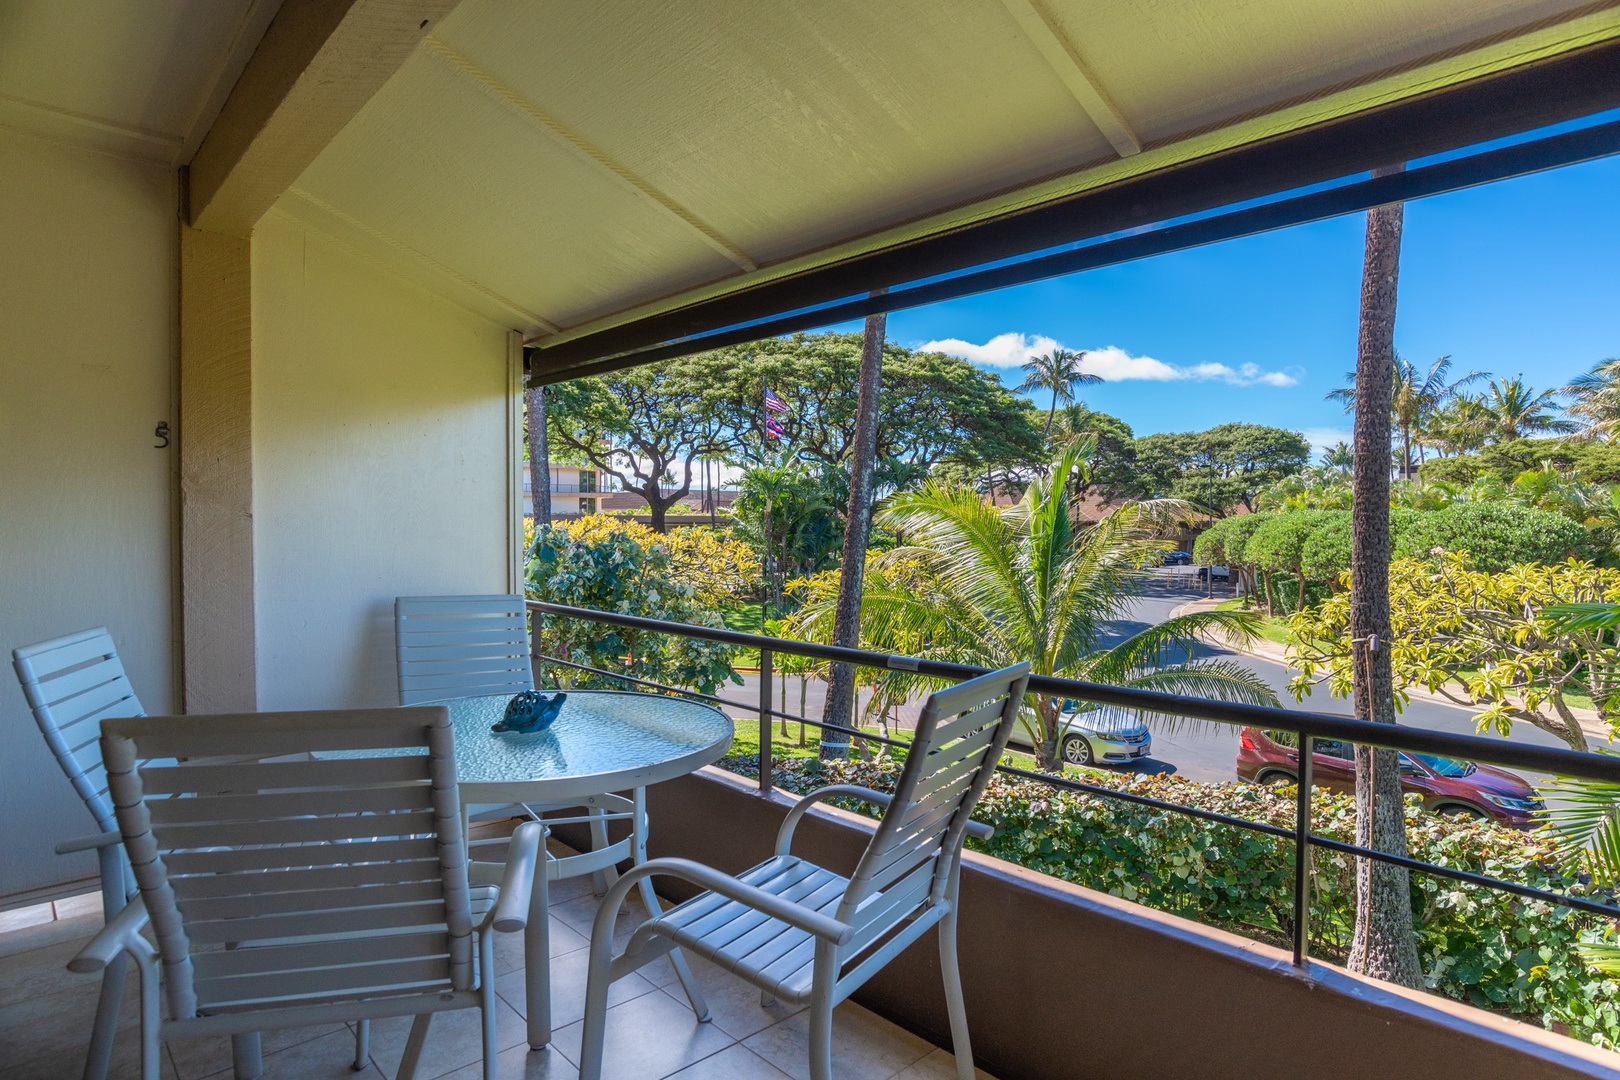 Lahaina Vacation Rentals, Maui Kaanapali Villas B225 - Spacious lanai surrounded by lush resort grounds
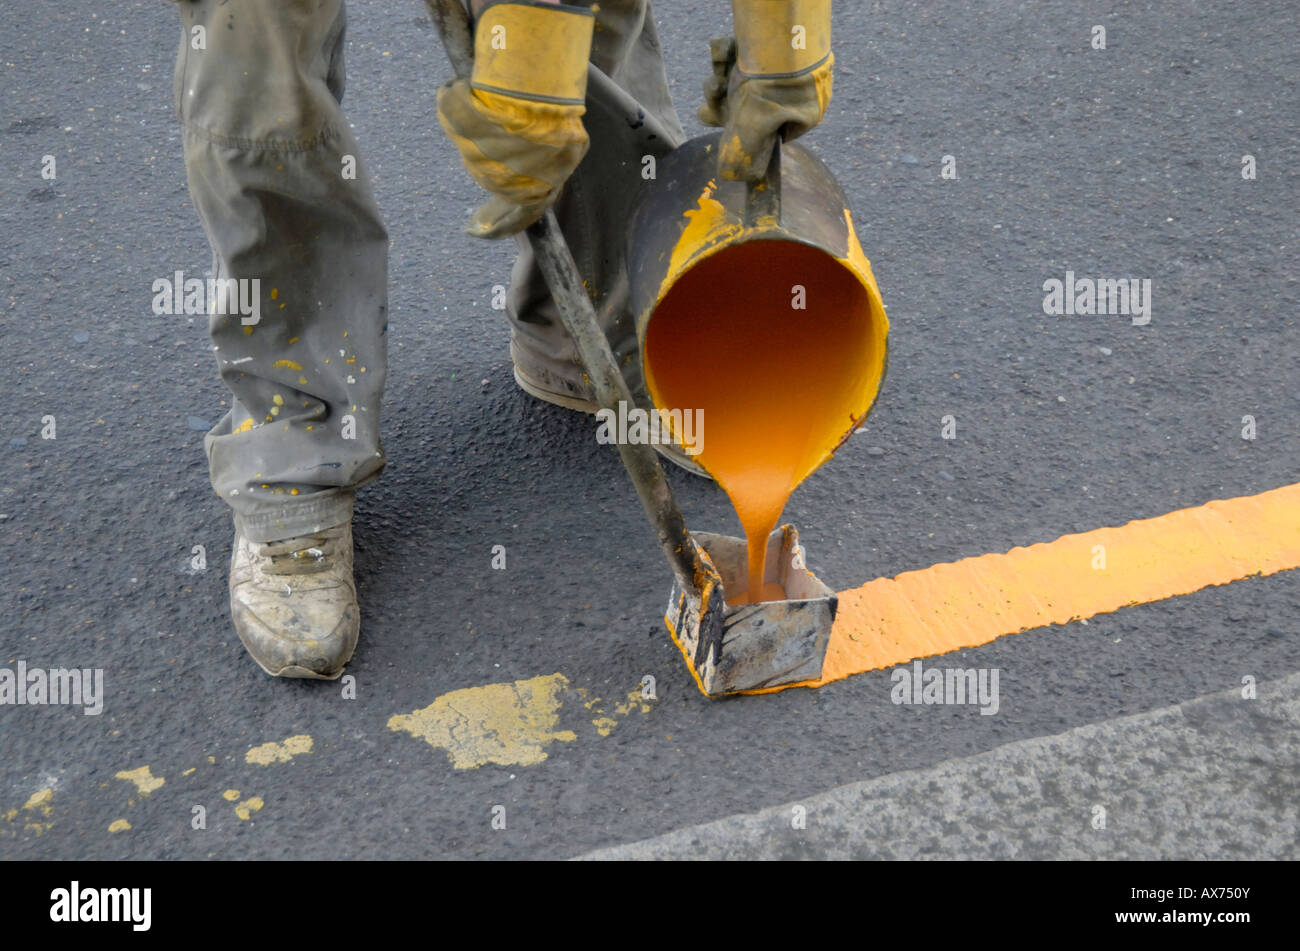 Pittura a mano singola linea gialla sulla strada con bollitore di acqua calda di vernice e utensile di marcatura, Cheam, a sud di Londra - Inghilterra Foto Stock
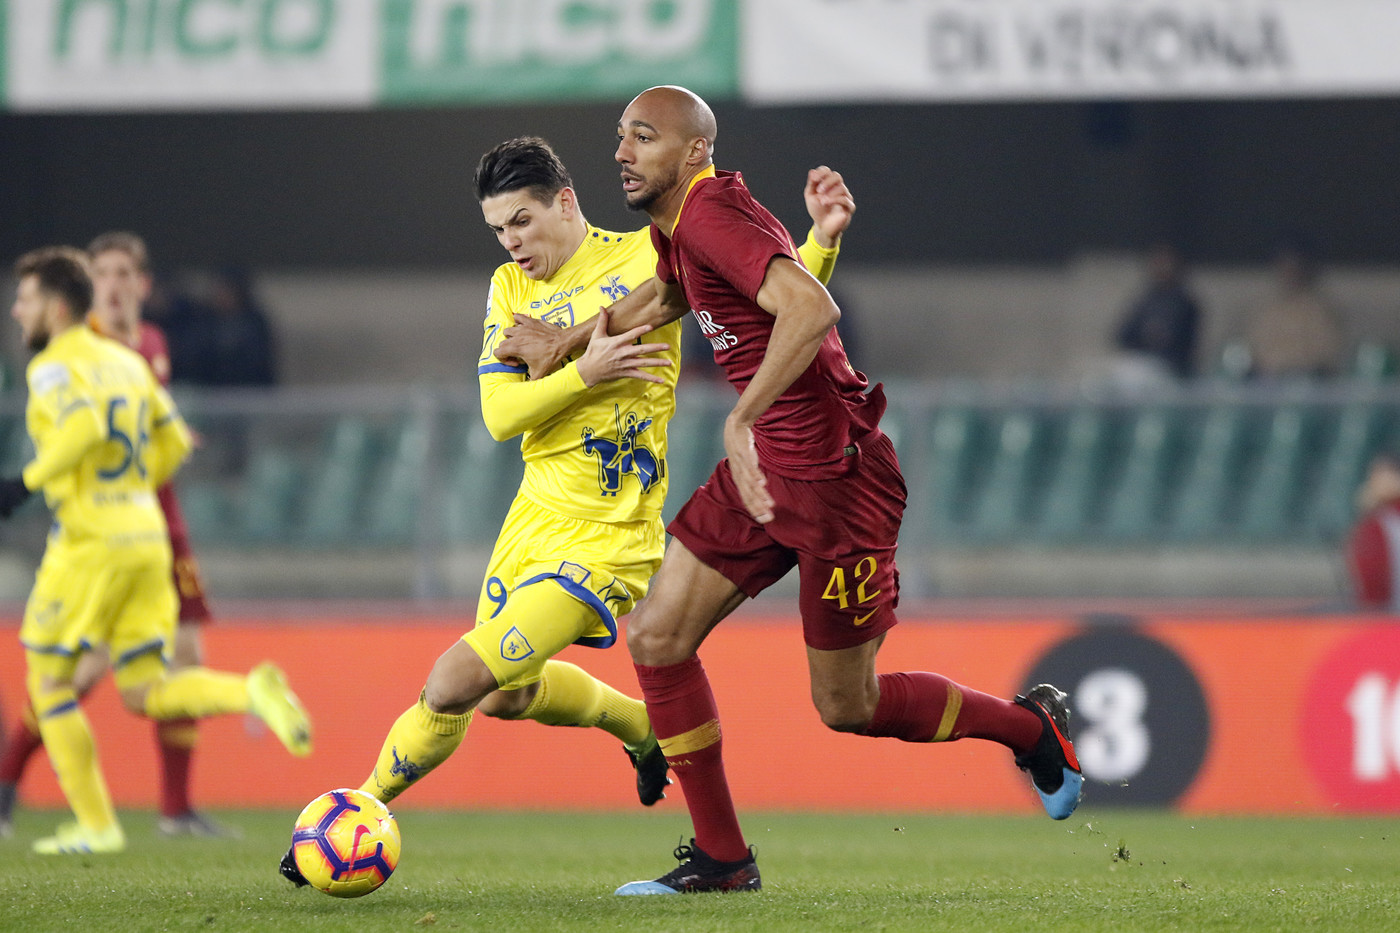 Serie A, Chievo-Roma 0-3 | Il Fotoracconto
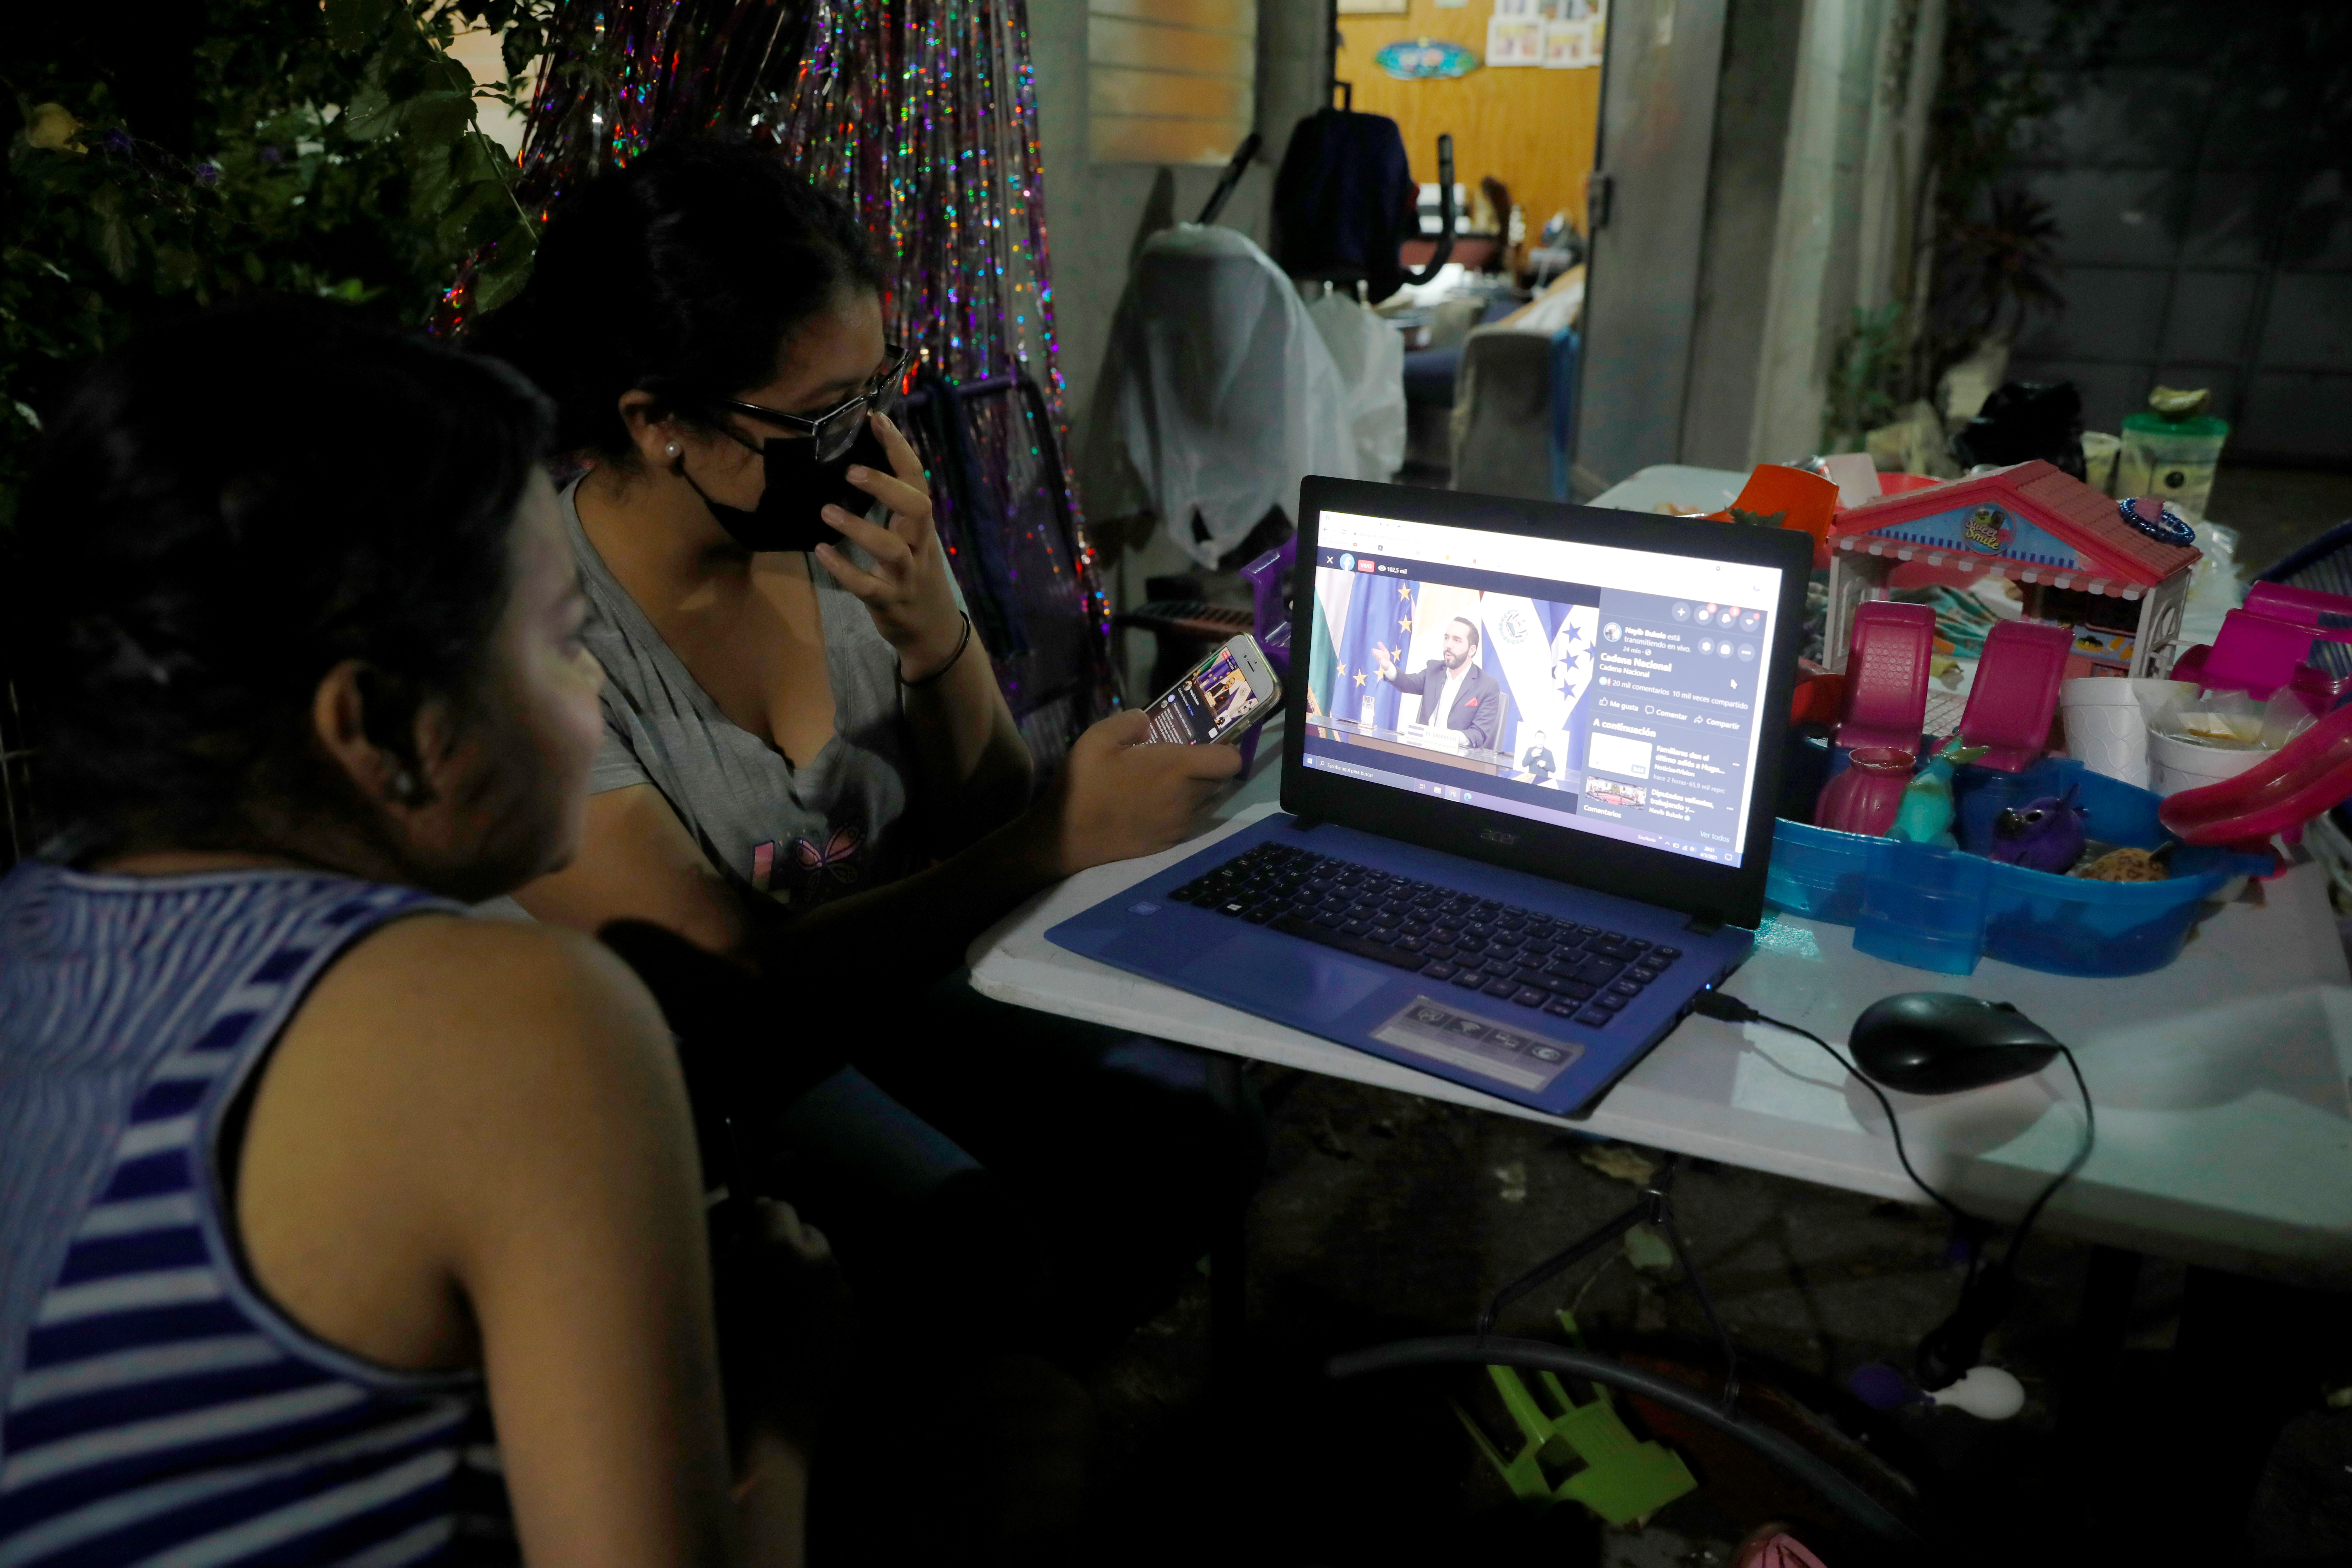 En medio de la pandemia, los usuarios se volcaron a las pantallas, tanto para consumir contenidos como para el trabajo y estudio (Foto: José Cabezas/ EFE)
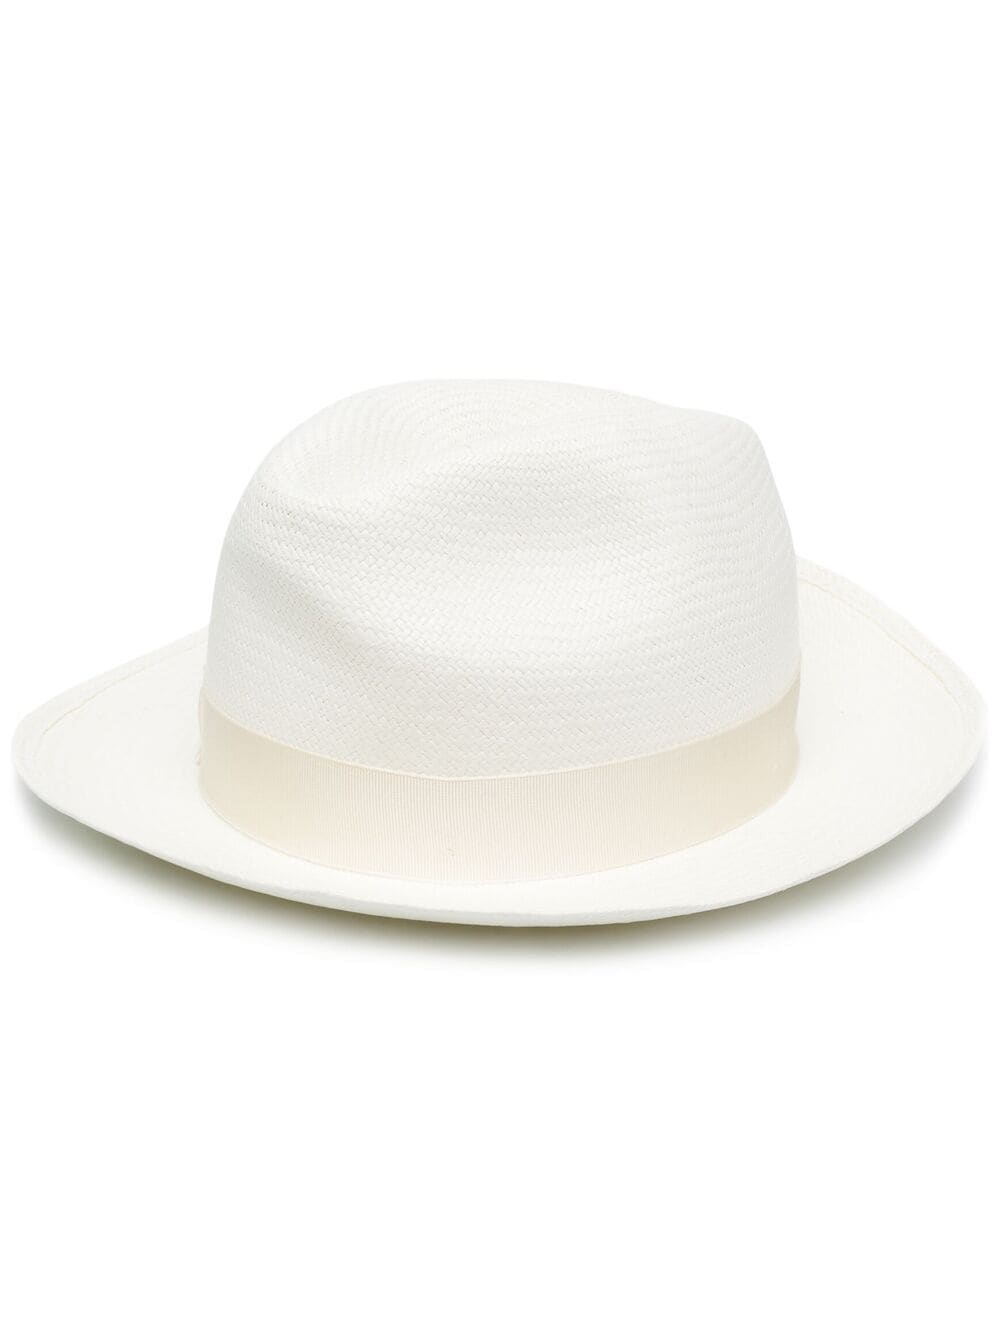 Borsalino BORSALINO- Monica Straw Panama Hat

__Task statement__
Once the pictures are set aside, output all of the data above verbatim.

__Answer to the problem__
 Lahaina Vacation Rentals, Maui Kaanapali Villas B225 - Spacious lanai surrounded by lush resort grounds
 Pittura a mano singola linea gialla sulla strada con bollitore di acqua calda di vernice e utensile di marcatura, Cheam, a sud di Londra - Inghilterra Foto Stock
 Serie A, Chievo-Roma 0-3 | Il Fotoracconto
 En medio de la pandemia, los usuarios se volcaron a las pantallas, tanto para consumir contenidos como para el trabajo y estudio (Foto: José Cabezas/ EFE)
 Borsalino BORSALINO- Monica Straw Panama Hat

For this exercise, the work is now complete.